Kean has published works relating to UFOs since 2000, and has been a guest on Coast to Coast AM. Her book UFOs: Generals, Pilots and Government Officials Go on the Record, published by Penguin Random House, was a New York Times best seller. Kean belongs to the UFO organization UFODATA.

On December 16, 2017, The New York Times featured an article written by Helene Cooper, Ralph Blumenthal and Kean, which revealed the fact that the U.S. Department of Defense had spent $22.5M on a secret program titled the Advanced Aerospace Threat Identification Program that investigated UFOs.
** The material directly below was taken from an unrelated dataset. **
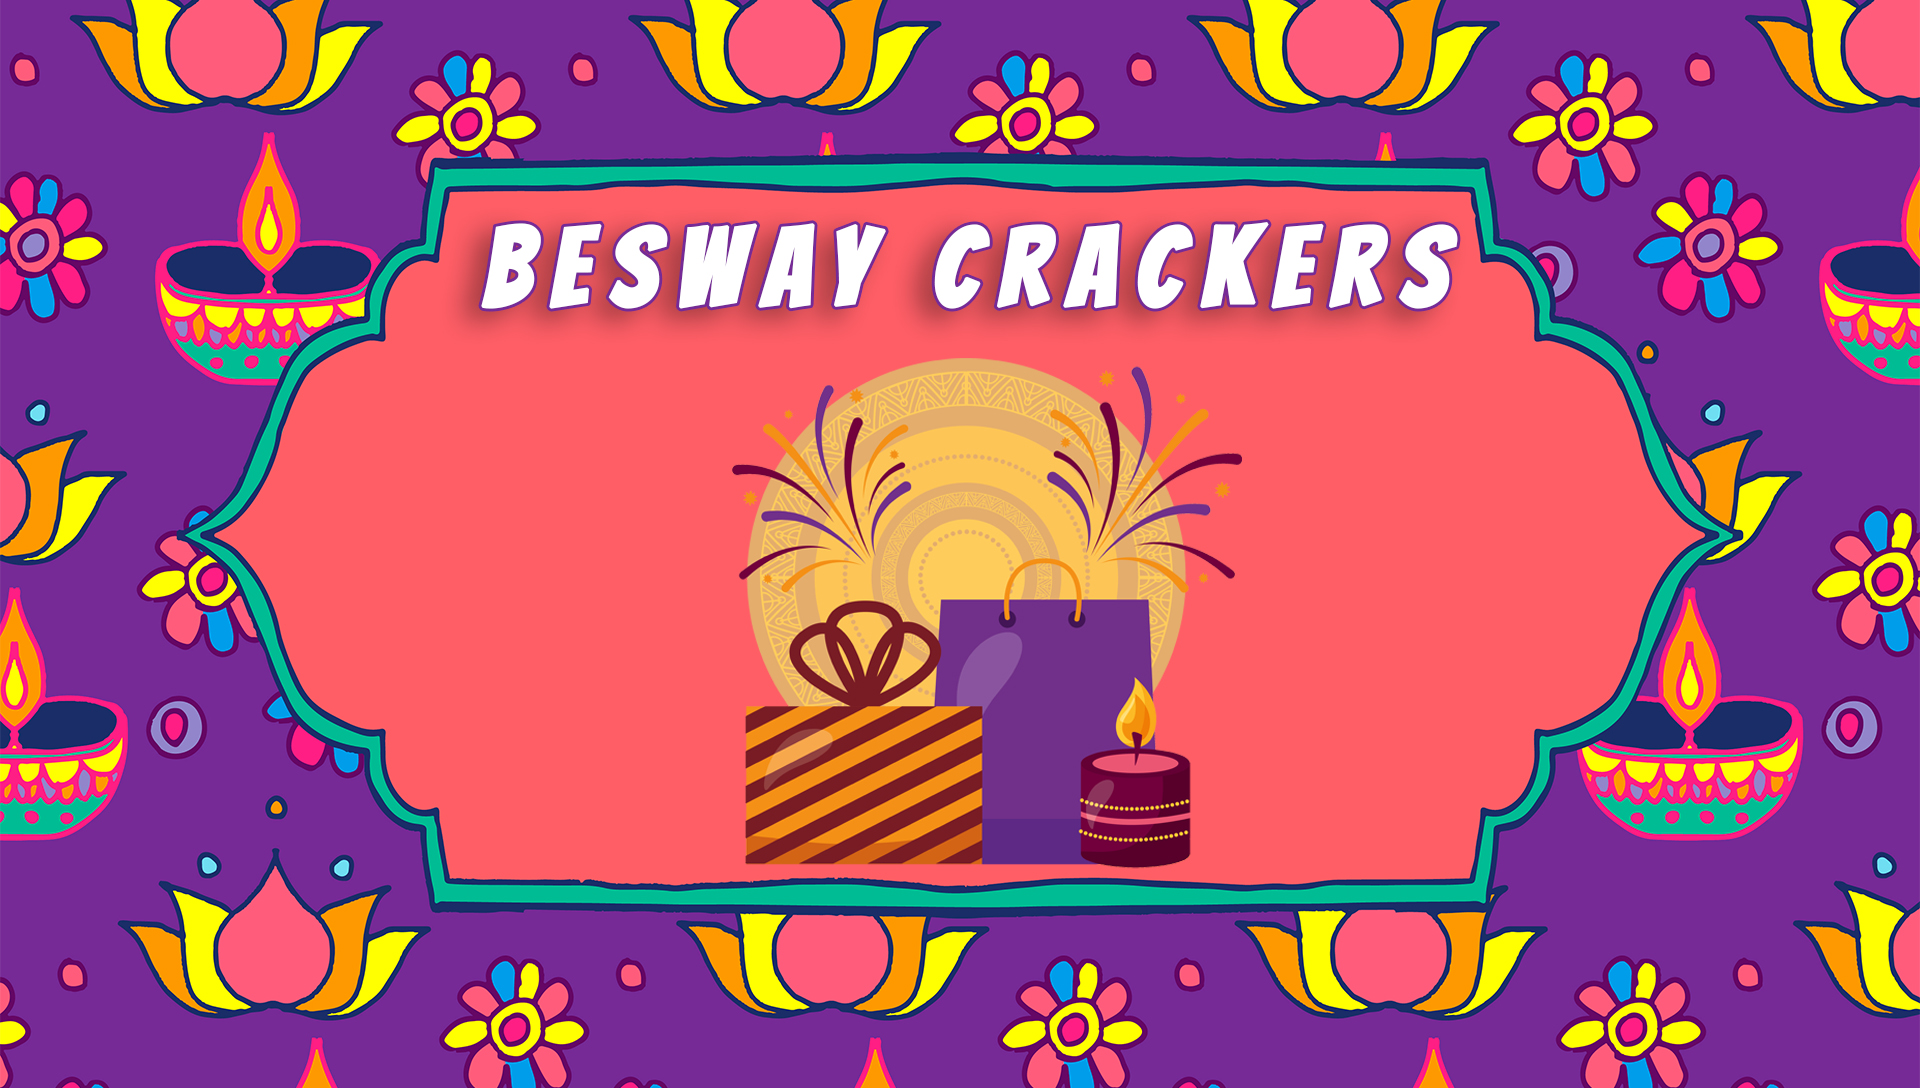 Besway Crackers Sivakasi

According to Gideon Lewis-Kraus in April 2021, Kean has a photo of a purported UFO hanging on a wall behind her desk that was gifted to her by the Costa Rican government. This photo was taken by the Costa Rican National Geographic Institute in 1971 over Lake Cote and is considered by Kean to be "the finest image of a U.F.O. ever made public". On 5 June 2023, Kean and writer Ralph Blumenthal reported that former United States Air Force officer and intelligence official David Grusch claimed that the United States has a secret UFO retrieval program with multiple vehicles of non-human origin as well as records of dead pilots in its possession.

==Written works==
- 1994. Burma's Revolution of the Spirit: The Struggle for Democratic Freedom and Dignity – with Alan Clements. ISBN 978-0893815806.
- 2010. UFOs: Generals, Pilots and Government Officials Go on the Record - with a foreword by John Podesta, Harmony Books, New York. ISBN 978-0307716842.
- 2017. Surviving Death: A Journalist Investigates Evidence for an Afterlife. ISBN 978-0553419610.